Nurses providing patient care in acute care settings care for the young and the old, the sick and the injured. And they must do it without compromising valuable forensic evidence, jeopardizing the police investigation that may ensue, or reducing the patients’ chances of getting justice in the court system if they seek it later. With the incorporation of forensic nursing into the hospital, the scope of the practice of nursing has been broadened (American Nurses Association [ANA], 2009).
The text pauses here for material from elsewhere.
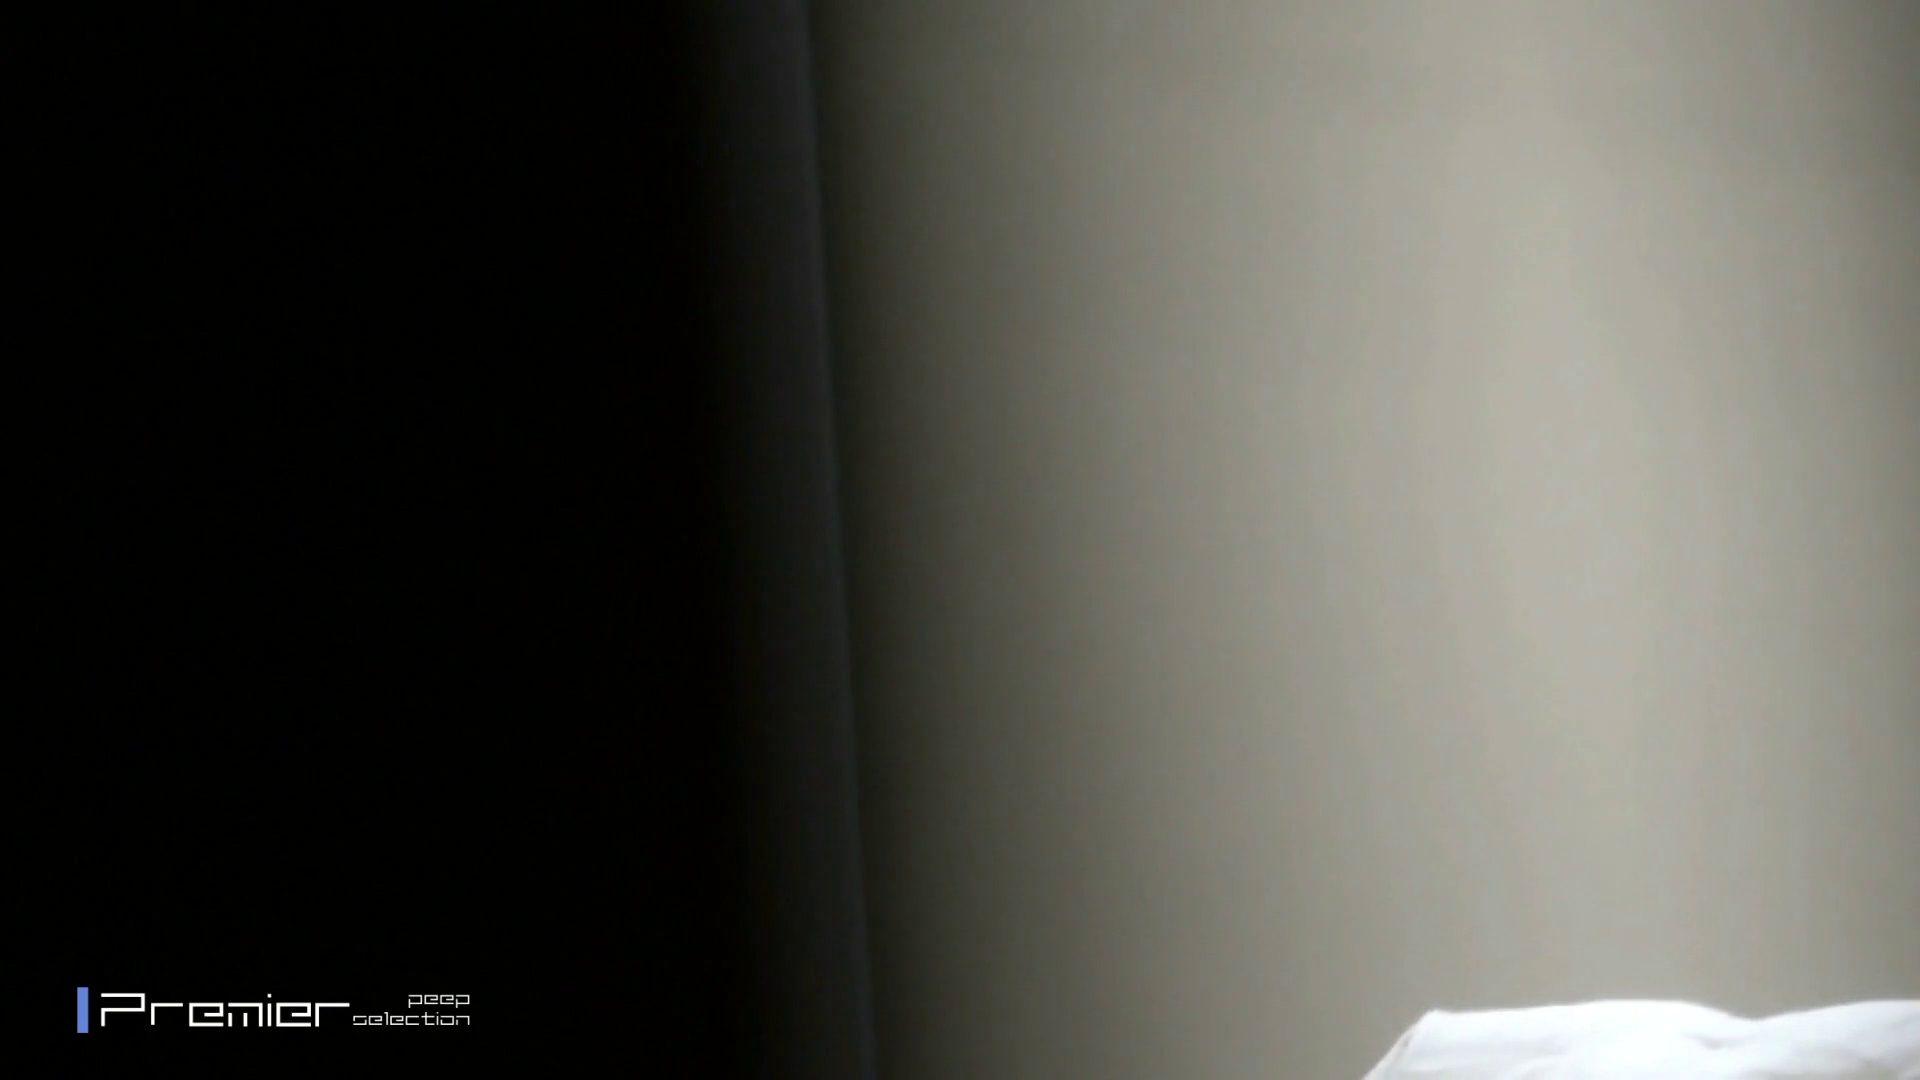 再生38分!マン毛剛毛超絶美女の私生活 美女達の私生活に潜入! 潜入エロ調査 | 高画質  78連発 12

A nurse trained in forensics is one who can recognize traumatic conditions and evidence, document their presence, collect and preserve short-lived findings, and understand how the patient’s illness or injury happened (Lynch & Duval, 2011).
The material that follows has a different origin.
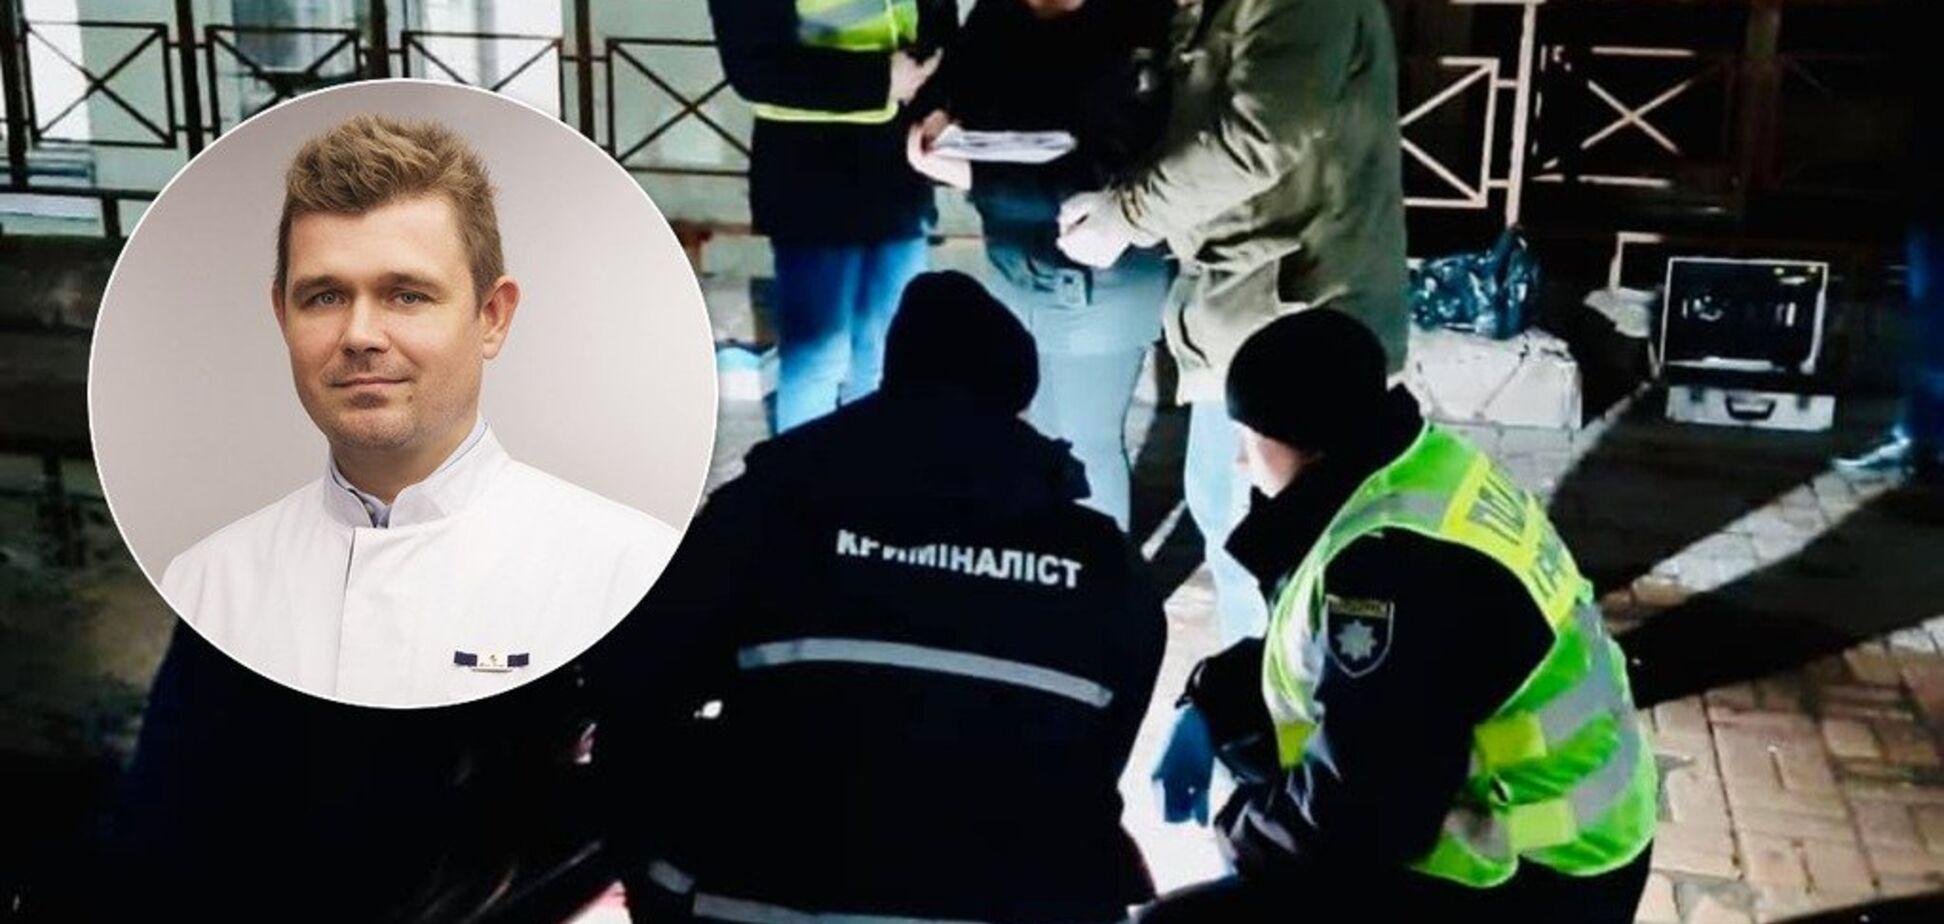 З'явилося відео моменту вбивства відомого лікаря в Києві. 18+

When patients who are victims of assault, abuse, violent crimes, or even motor vehicle collisions present to the hospital, their wounds, clothing, and bodies may be ripe with forensic evidence (Darnell, 2011; Lynch & Duval, 2011). This forensic evidence can be used to connect perpetrators with their victims, to protect innocent parties, to help determine who was the driver versus the passenger in an automobile crash, and to ensure forensic questions regarding injury causation can be answered (Davis, Parks, Kaups, Bennink, & Bilello, 2003; Smock, 2007a). Unfortunately, forensic evidence is usually fragile (a dusting of soot, blood spatter patterns, biologic fluids, wound characteristics), and forensic evidence can be lost or contaminated while nurses and physicians provide care in the acute care setting (Eisert et al., 2010).

The purpose of this chapter is to provide a basic outline of the forensic examination of patients who present to the clinical setting with evidence on their person. It also explains how nurses can provide the highest standard of care without destroying or disposing of forensic evidence that presents on or in their patients.